発達障碍の子たちが高校生、成人になり始め、
全体的にみんなの音色が美しくなってきました。
響きを味わえるようになってきたのです。

もちろん、大人の生徒さんたちや
定型発達の子たちにも成長があります。
やはりみんな16年前より響きがよくなりました。
これにはみんなの成長もありますが、
私自身の音楽性の成長もあるのだろうと思います。

昨日は、お互いの成長を喜び合い、
音楽を楽しむことから一段上がって、
響きに身を浸してもらえる演奏、
お互いの音楽を味わう奥深さを感じました。

これには生徒さんたちの心の成長もあるように思います。
16年前これを目指したところで、それは無理だったことでしょう。
まずは音楽を楽しむこと。
そして、それを何年もかけて深めていくこと。
聴く人が心地よく身を浸してくれる音楽を奏でられるようになるには、
やはりそれなりの歳月が必要なのです。

それに、その時々にふさわしい発表会が
あるようにも思います。
16年前の発表会は、
やはり16年前の生徒さんたちの時期に応じた、
当時の教室にピッタリくる発表会でした。

今はほとんどの生徒さんが、
あの頃と同じ発表会では逆に不自然さが伴う、
落ち着いた年齢になりました。

まだ小さな子も数名いますが、
この子たちには成長したお兄さんお姉さんの姿、
趣味を満喫する愛好家の方々の熱演を聴き、
刺激を受けるいい空間になっているとも思います。

その時々に応じた教室の姿があるものなのですね。
いつも同じ姿なのではなく、
生徒さんの成長、私の成長とともに、
「教室のかたち」が変化していくということ。

昨日の発表会を見に来てくださった、
生徒さんのお友だちが、
私にピアノを習いたいとおっしゃっていたことを、
親御さんから伺いました。

ところが、私には空きがありません。
正確にいうと2,3年後の子どもの成長に応じた、
空き時間がないんですよね。
夕方から夜10時頃までの時間は、
今後も空く予定がないからです。

小学低学年では早い時間帯にレッスンできても、
2,3年後には学校から帰ってくる時間が遅くなり、
夕方以降でなければレッスンに通えなくなります。

そうなると私には空き時間がないのですから、
どこか他のお教室に移っていただくしかなくなってしまいます。
そう考えると、現在の私が受け入れられるのは、
早い時間帯に来られる大人の生徒さんだけ、
ということになってしまうんですよね。

教室も年を取っていくものなのだなぁと実感しています。
今いる生徒さんたちと共に年を重ねていくのが、
私の「教室のかたち」なのでしょう。
生徒さんたちはおじちゃんおばちゃんになり、
私はおばあちゃんになり。

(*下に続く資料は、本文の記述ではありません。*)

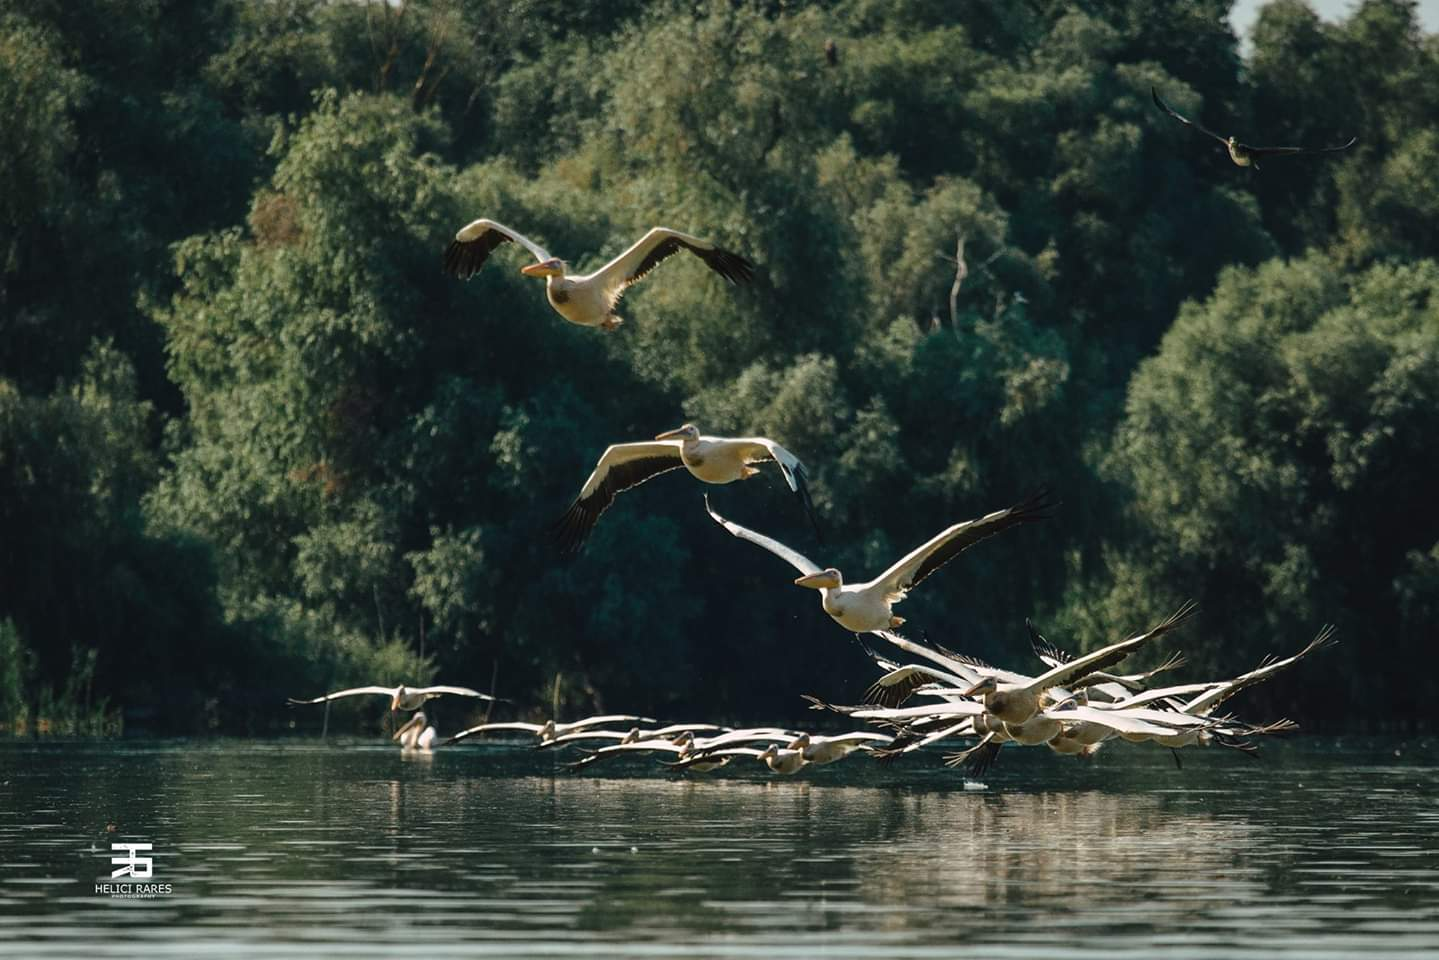 colonie-pelicani-6

(笑)

昨日の発表会会場は飲食が可能だったので、
本番後に親睦会を開きました。
会場のフルコンを弾きたい放題!
みんなに「遊び弾きしたい楽譜を持ち寄るように」
と伝えてありました。

連弾譜を持ってくる人、
ヴァイオリンとヴァイオリンの伴奏譜を持ってくる人、
本番弾いた曲をもう一度弾く人、
レッスンで以前習った曲を弾く人。
気づけばピアノの空く時間がほとんどない、
音楽三昧な親睦会となりました。

みんながみんなの音楽に耳を傾け、
恥ずかしい人は「しゃべってて〜!!!」と大声で叫ぶという。(笑)

コミックエッセイ『発達障碍でもピアノが弾けますか?』の第20話で、
クリスマスサロンコンサートの雰囲気をお伝えしましたが、
今回は飲食がついていたということで、
さらにバージョンアップした感じでした。

あのときはたまたま時間が余ってのことだったので、
遊ぶ準備ができていませんでしたが、
今回はみんなフルコンで遊ぶ気満々でやってきており、準備万端!
思っていたより1時間以上解散時間が伸びるほど、
音楽三昧&おしゃべりし放題&食べ放題な時間となりました。


なんて素敵な音楽仲間に囲まれた人生だろう!


そう主人と語り合いながら帰途につきました。
こんなに長いブログ記事を書きつつ、
もっともっといろぉんなことが私の頭の中では駆け巡っています。
みんなの表情、演奏、会話。
昨日1日のことが頭の中で再生し続けていて。(笑)

音楽に身を浸すことの心地よさ。
音楽を共に味える仲間がいる幸せ。
音楽って最高〜! と思えた一日でした。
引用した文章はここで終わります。